High and Low

In this Time review of Michael Chabon’s The Final Solution, Lev Grossman wonders why the esteemed novelist would “sully” his reputation by writing mystery. Grossman’s answer is that the separation between literary and genre fiction is breaking apart:

One of the interesting things about the present moment in U.S. literary history is that the tough, fibrous membrane that used to separate literary fiction from popular fiction is rupturing. The highbrow and the lowbrow, once kept chastely separate, are now hooking up, which is why we have great, funky, unclassifiable writers like Margaret Atwood, Neal Stephenson, Susanna Clarke and David Mitchell. And like Chabon, who in addition to writing The Final Solution has edited an anthology of hybrid highbrow-lowbrow tales, McSweeney’s Enchanted Chamber of Astonishing Stories (Vintage; 328 pages). And like Jonathan Lethem, who has just published Men and Cartoons (Doubleday; 160 pages), a collection of highly literary stories about, among other things, superheroes.

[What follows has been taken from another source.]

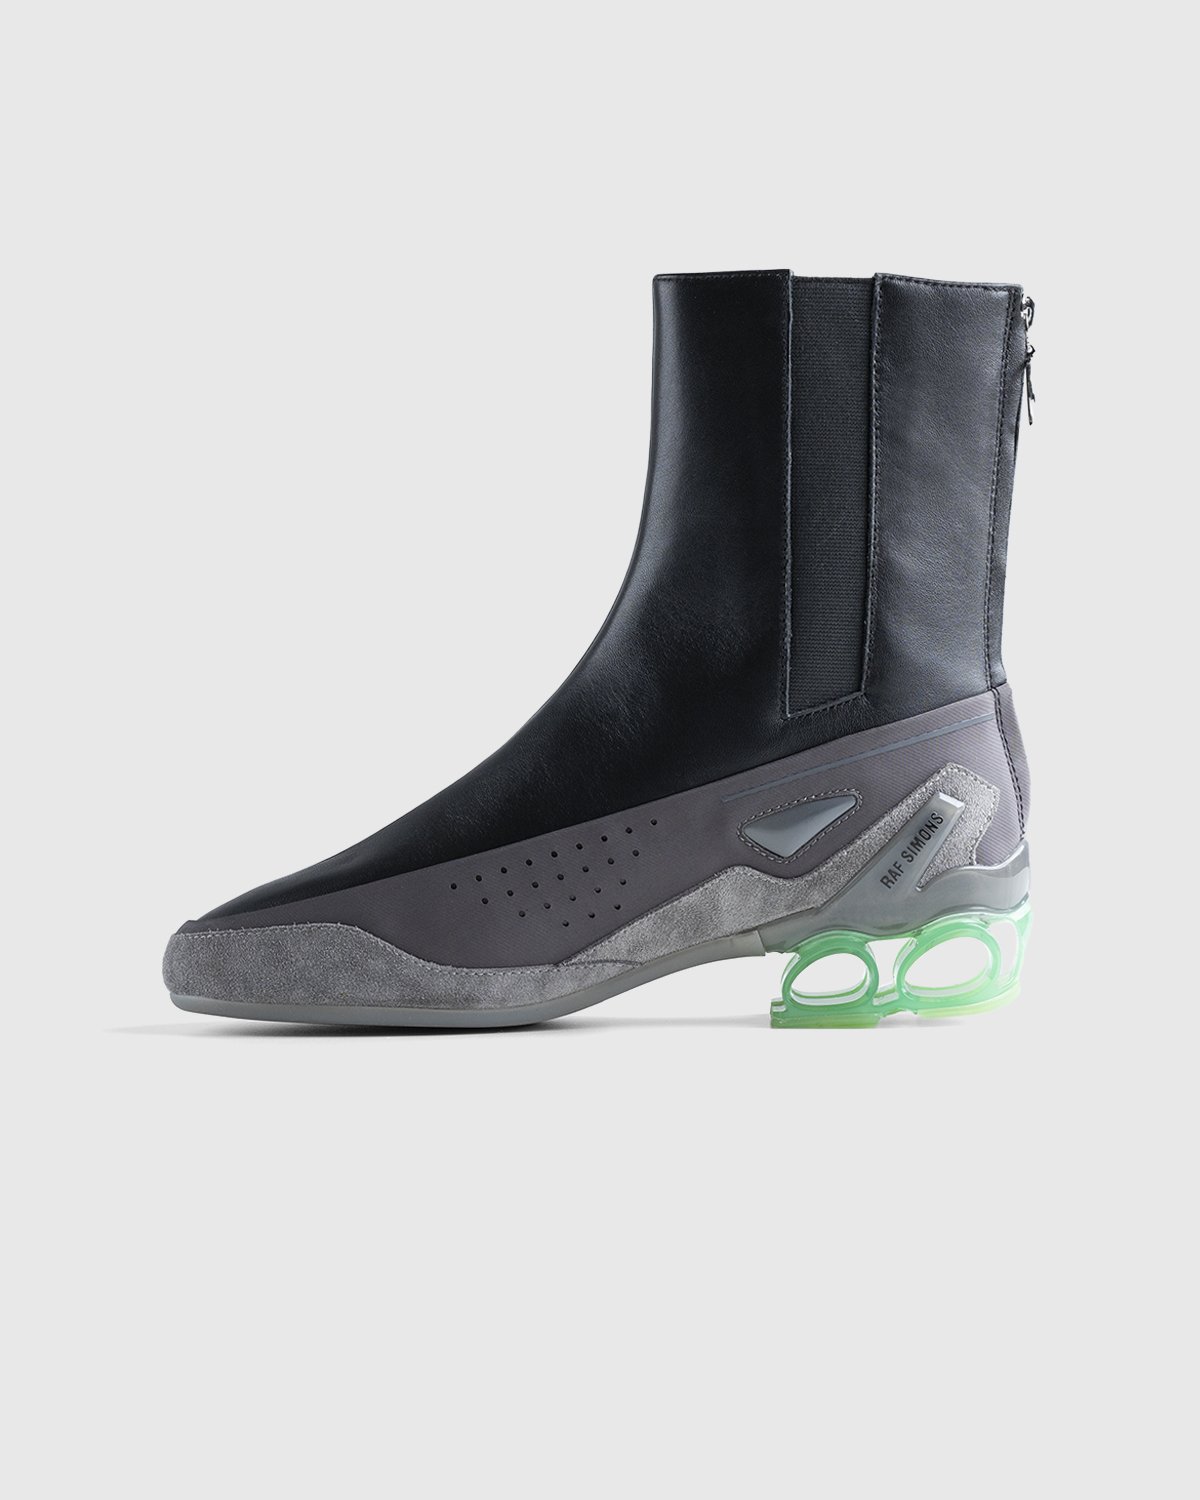 Raf Simons - Cycloid 4 Black Grey Green - Footwear - Black - Image 2

I find this annoying and quite superficial. There’s good fiction and there’s bad fiction. No matter how high-brow you want to call your literary novel, if, in the immortal words of Orange Prize judge Katherine Viner, it turns out to be about “opening out tea-towels”, it will be a bore. Conversely, if your genre novel serves up more than hackneyed plots and cookie-cutter characters, it might not be a bore. So you can talk all day long about literary or genre or why people are writing this and that, but the only thing that matters is how good it is. And, by the way, Chabon’s interest in Sherlock Holmes doesn’t at all strike me as a sharp turn for him, given his previous work.